26 Eylül 2012 Çarşamba

"BALYOZ" KARARLARINA TEPKİ- REACTING TO THE "SLEDGEHAMMER" VERDICTS

TÜRKÇE (For English text please scroll down.)

"Balyoz" davasının sonuçlarına halkımızdan tepki geldi. Ama bunun yanında, az sayıda beraatler bir savcının gözüne fazla gözükmüş, "onları da cezalandıralım" diyor!

 Cezaların babalık, kocalık ve hatta emeklilik hakkının reddi gibi aksesuarlarla süslenmiş olması da bu sürece ayrı bir sevimlilik katıyor.

Şimdi Ergenekon davaları devam ediyor. Bakalım daha ne eğlenceler hazırlıyorlar bize demokratik hukuk devletimiz!

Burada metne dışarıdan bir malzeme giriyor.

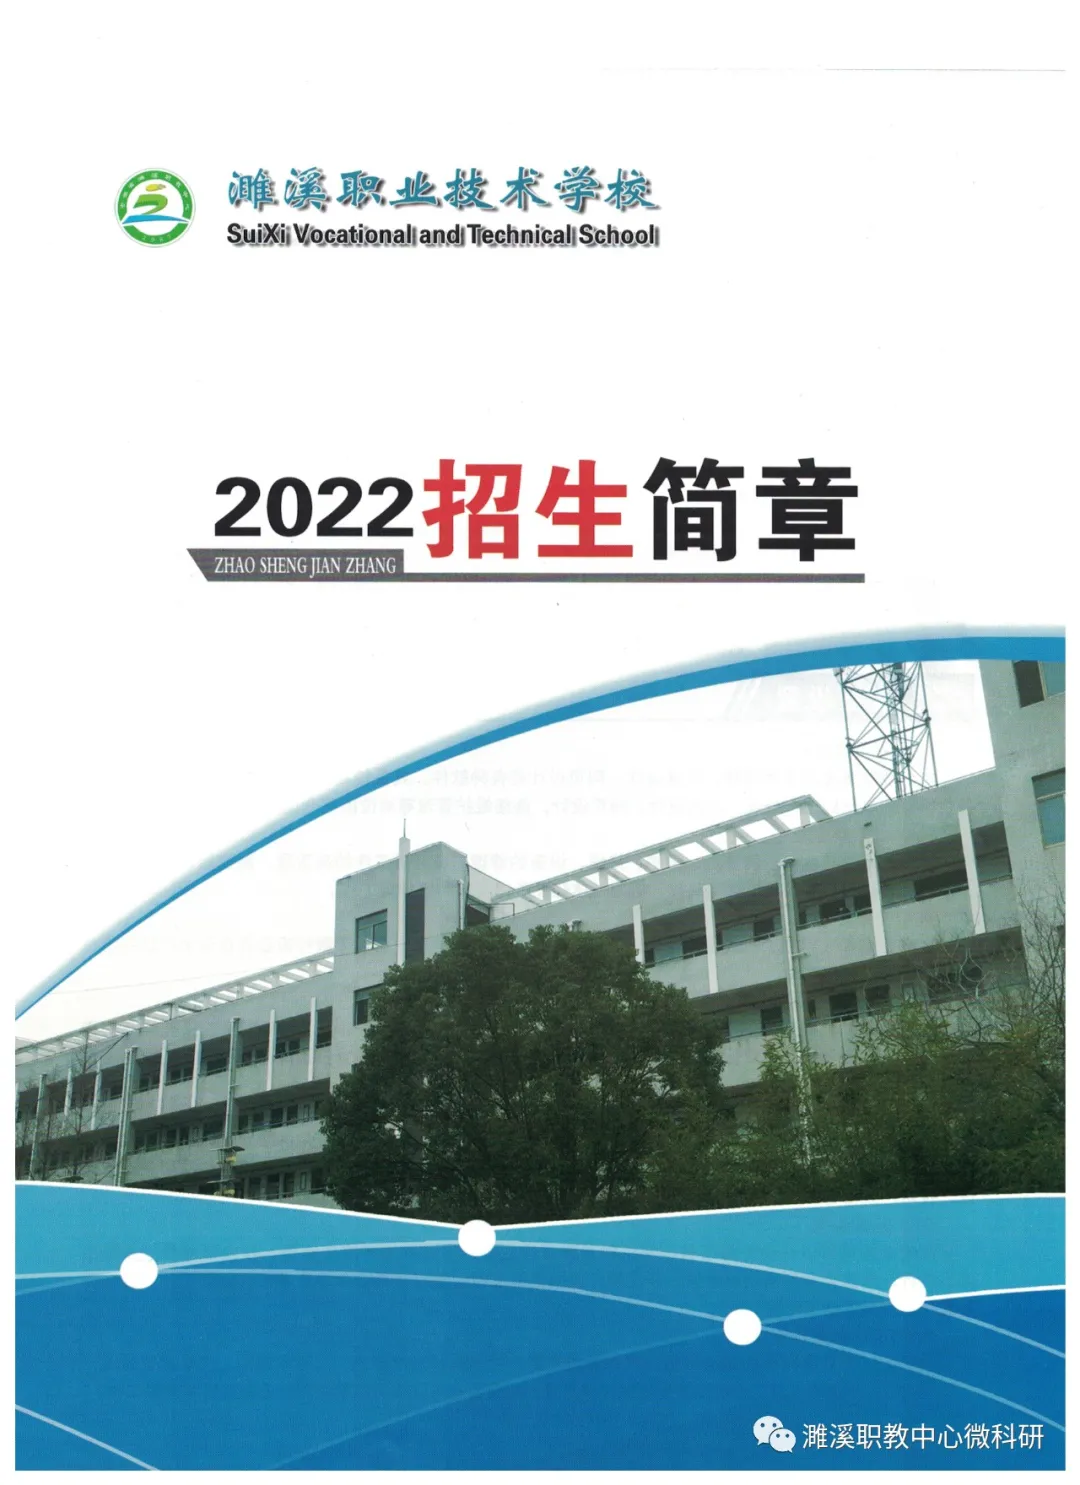 濉溪职业技术学校（安徽省濉溪县职业教育中心）2022年招生简章

 Basından Balyoz kararlarını protesto görüntüleri, Ankara, İzmir ve İstanbul

Göstericiler artık askerlerimizi daha bir yürekten savunuyorlar. Çağlayan mitinginin iyimser havasında söylenen "ne takunya ne postal" sözleri o kadar popüler değil. Hatta 27 Mayıs hatırası "Ordu Millet Elele" sloganı bile naftalinlerden çıkartılmış. Bakın İşçi Partisi ile yakın ilişkili Aydınlık gazetesi ne diyor:

Aydınlık, 23 Eylül 2012

Güzel de atı alan Üsküdar'ı geçti. Aslında bu mahkemeler çok daha hafif cezalar, çok daha fazla beraat verseydi hükümet- ve arkasındaki "cemaat"- yine de iyi bir gol atmış olacaktı. "Darbe" ve "darbecilik" söylemini kamuoyu altşuuruna o kadar etkili bir şekilde yerleştirdiler, kendi "darbe" tanımları üzerine o kadar o kadar iyi bir konsensus yarattılar ki TSK'nın "Cumhuriyeti Kollama ve Koruma" görevini tamamen suç kapsamına sokmayı başardılar. Dikkat ederseniz savunmalar hep "hayır, biz hiç darbe filan düşünmüyorduk", "benim haberim yoktu", "o benim imzam değil", "benim emrim dışında yapıldı" şeklinde yapıldı. (Sakın yanlış anlamayın, sahte delil üretilmediğini söylemiyorum!) Ortalıkta uçuşan polemiklerin net sonucu şudur: siyasi süreçle ilgili olarak askerden gelebilecek herhangi bir hamle, hareket, tavır, söz, ima tabu haline gelmiştir. Bunun böyle olmasının zeminini AKP ve "cemaat"'ten önce aydınlar (ki aydın demek bizde genelde solcu demekti) hazırlamıştı.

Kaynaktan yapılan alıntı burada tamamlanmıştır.